Patched production Roxy-WI but an unpatched staging or test instance remains internet-accessible. Roxy-WI instances in test and staging environments are frequently configured with the same LDAP credentials as production — or with credentials that share a password with production accounts. An attacker who exploits the unpatched test instance through CVE-2026-33432 gains access to LDAP bind credentials stored in the Roxy-WI configuration, which may work against the production LDAP server directly. A patched production instance does not protect against pivot attacks that begin at an unpatched adjacent instance. Audit every Roxy-WI deployment in the environment, not just the primary production instance, and apply the same patch and firewall controls to all of them.

Firewall restricts external access but Roxy-WI is accessible from the developer VLAN. Restricting the Roxy-WI management port to the operations team’s IP range eliminates exposure to internet attackers.

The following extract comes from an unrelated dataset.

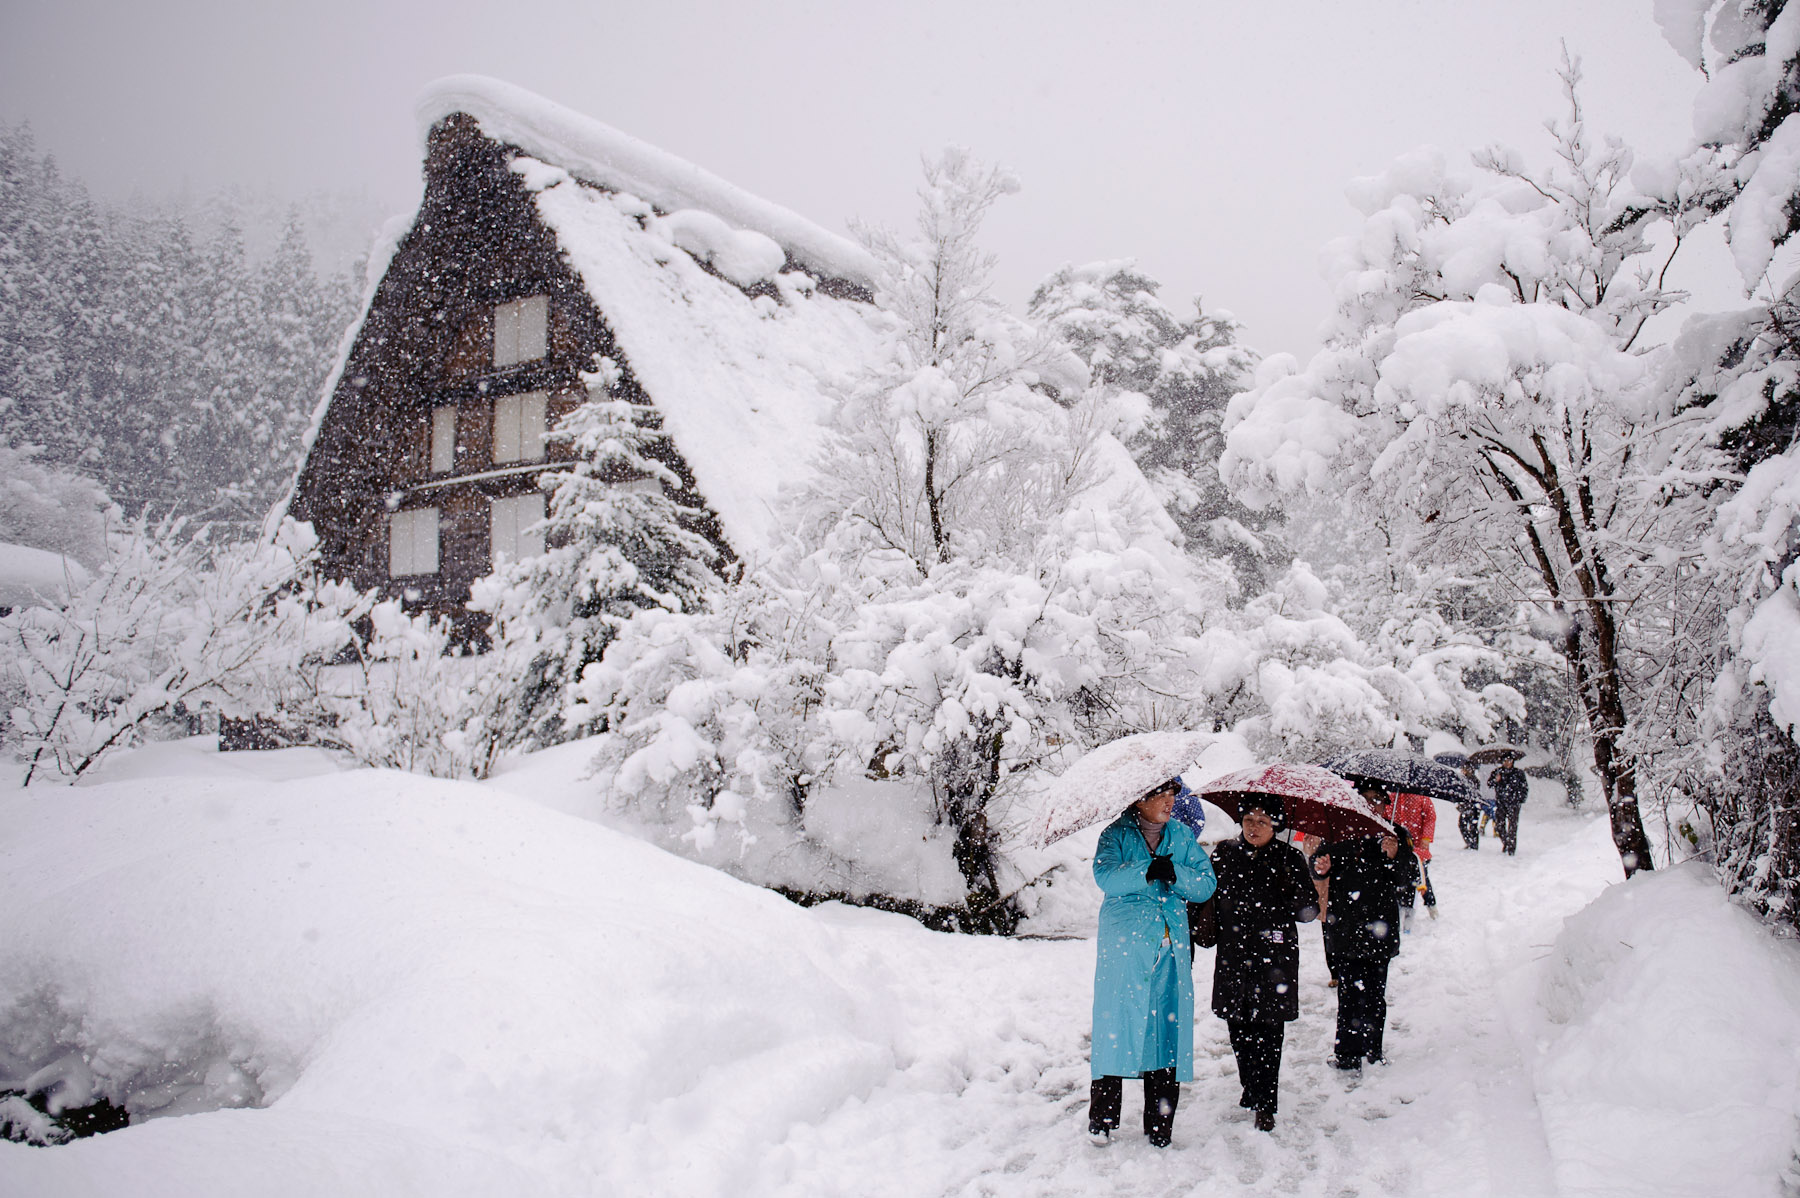 Jeffrey Friedl S Blog 187 First Look At Snowy Shirakawago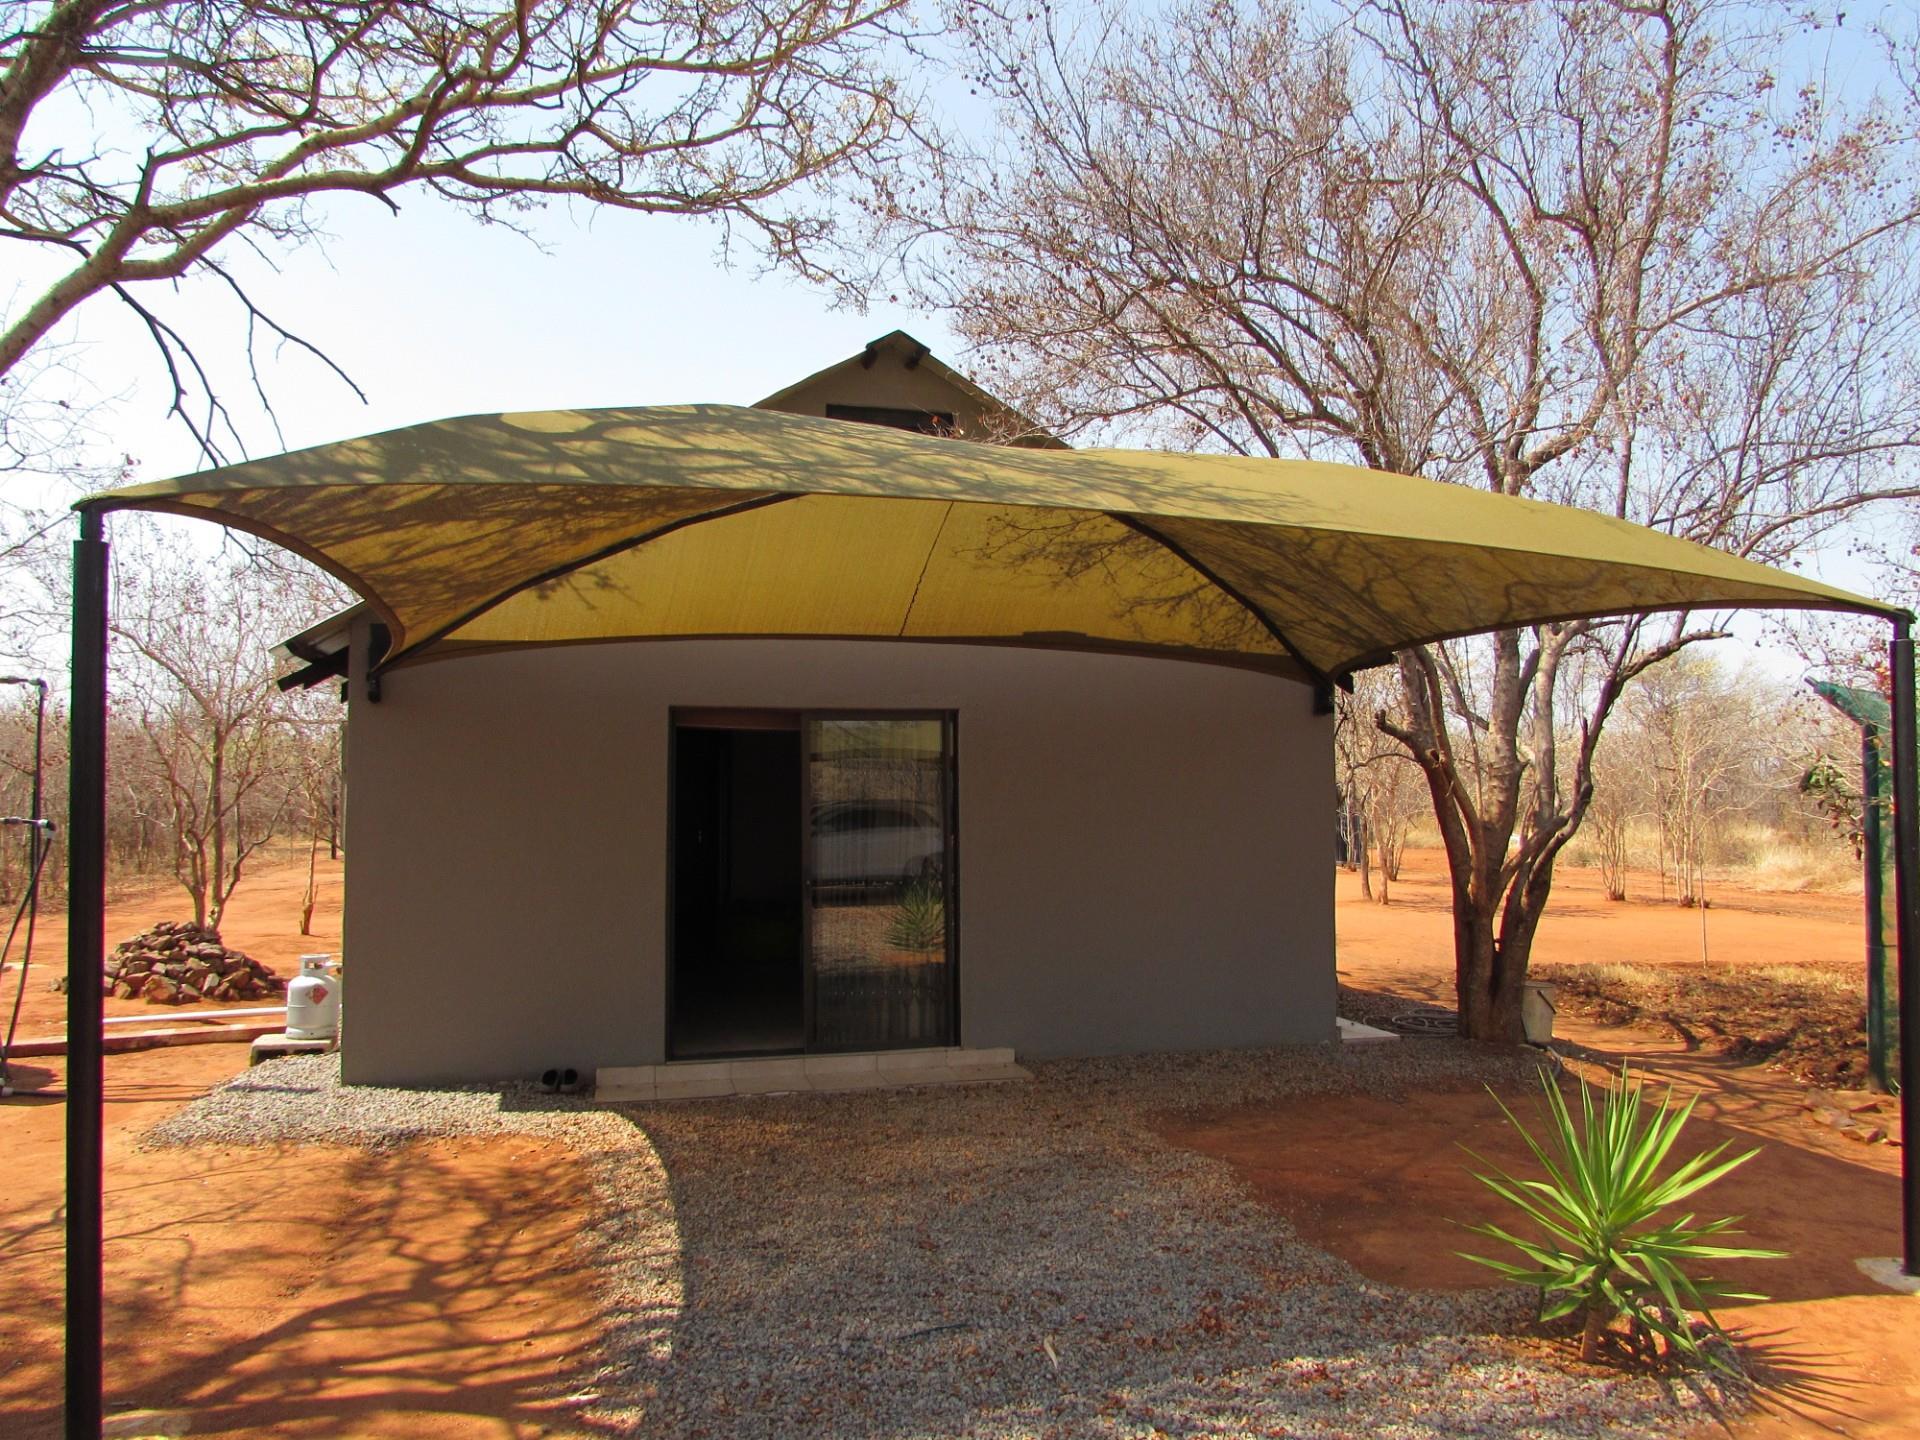 1 Bedroom House For Sale in Mochudi Central

It does not eliminate exposure to anyone on the internal network segments that can reach the management port — including developer workstations, CI/CD build agents, and shared internal services. A compromised developer laptop on the same VLAN as Roxy-WI can exploit CVE-2026-33432 without any internet-facing exposure. Internal network segmentation that restricts Roxy-WI access to a dedicated operations VLAN provides meaningfully stronger isolation than a firewall rule that allows the entire corporate network.

Log audit searches for * character but misses \00 null-byte injection attempts. Null bytes do not appear as printable characters in log files viewed with standard tools. A grep for *, (, or ) in login fields will identify the most common LDAP injection payloads, but null-byte injection attempts — which can be used to truncate filter strings in some LDAP implementations — require binary-aware log inspection. The grep -aP "\x00" approach shown in the audit section above handles this, but operators who rely only on plain-text log viewing tools or SIEM rules that filter for printable characters will miss null-byte payloads entirely.